15138 – Text Data source has duplicated columns due to spaces in header record

Issue 15138 - Text Data source has duplicated columns due to spaces in header record

Summary: Text Data source has duplicated columns due to spaces in header record

Status:	CLOSED FIXED

Alias:	None

Product:	Base
Classification:	Application
Component:	code (show other issues)
Version:	OOo 1.1 RC
Hardware:	PC Windows XP

Importance:	P3 Trivial (vote)
Target Milestone:	OOo 2.0
Assignee:	christoph.lukasiak
QA Contact:	issues@dba

URL:
Keywords:

Depends on:
Blocks:

Reported:	2003-06-01 00:53 UTC by kelvine
Modified:	2006-05-31 14:29 UTC (History)
CC List:	1 user (show)

See Also:
Issue Type:	DEFECT
Latest Confirmation in:	---
Developer Difficulty:	---

Attachments
Simple text file with data. Header has extra blanks after field name (14 bytes, text/plain) 2003-06-02 10:10 UTC, kelvine	no flags	Details
Two blanks after headers (18 bytes, text/plain) 2003-07-10 16:15 UTC, kelvine	no flags	Details
Missing and extra data (41 bytes, text/plain) 2003-07-10 16:16 UTC, kelvine	no flags	Details
Screen dump showing duplicated data and now additional blank column (15.96 KB, image/png) 2003-12-29 02:24 UTC, kelvine	no flags	Details
Add an attachment (proposed patch, testcase, etc.)

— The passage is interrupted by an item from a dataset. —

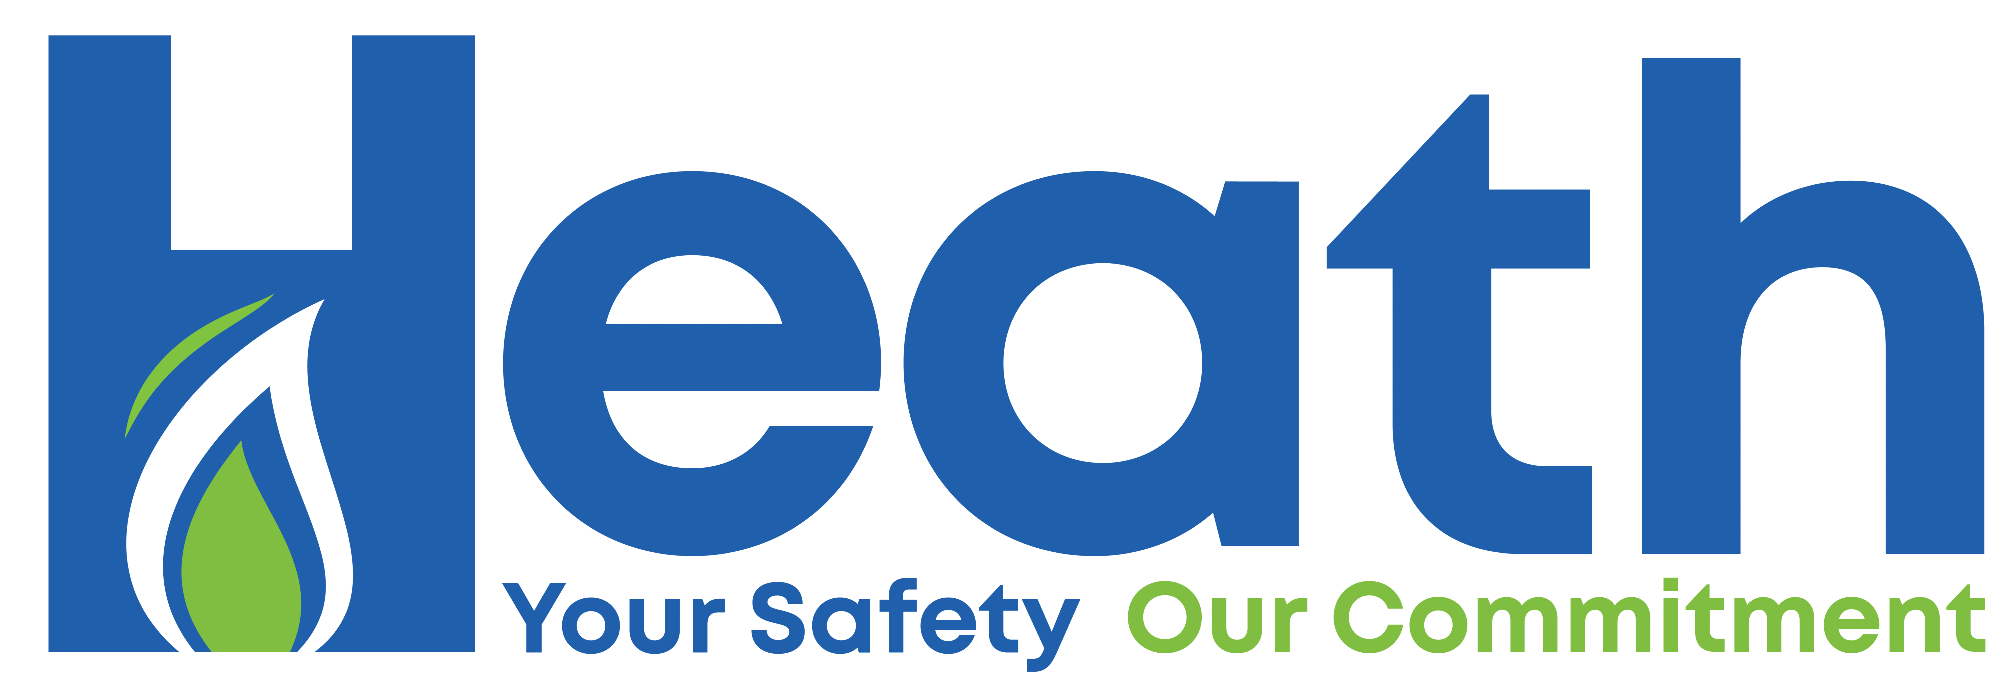 Heath Consultants Incorporated logo.

Note You need to log in before you can comment on or make changes to this issue.

Description kelvine 2003-06-01 00:53:21 UTC

Hi,

I opened a text file which was defined as a data source.

To my surprise it had repeated data to the right which were extra columns and 
repeated previous columns.

Further investigation showed this as being a result of extra spaces in the 
header record and spaces were used as the field delimiter.

To duplicate what I mean.

Create a simple text file.
In the first record type 'Name' without the quotes which will be the field 
name.
In the second record type 'Kelvin' which will be the data.
Set this up as a text data source with space as the field delimiter.
View the text data source in the data source window.
Everything works as expected.

Now go back and add extra spaces to the header record.  That is 'Name    '.
Now view the text data source again and you will find 'Kelvin' appears in 
additional columns.

This was unexpected behaviour.  A space is often used as a field delimiter 
when there are multiple columns of dates, codes or numbers.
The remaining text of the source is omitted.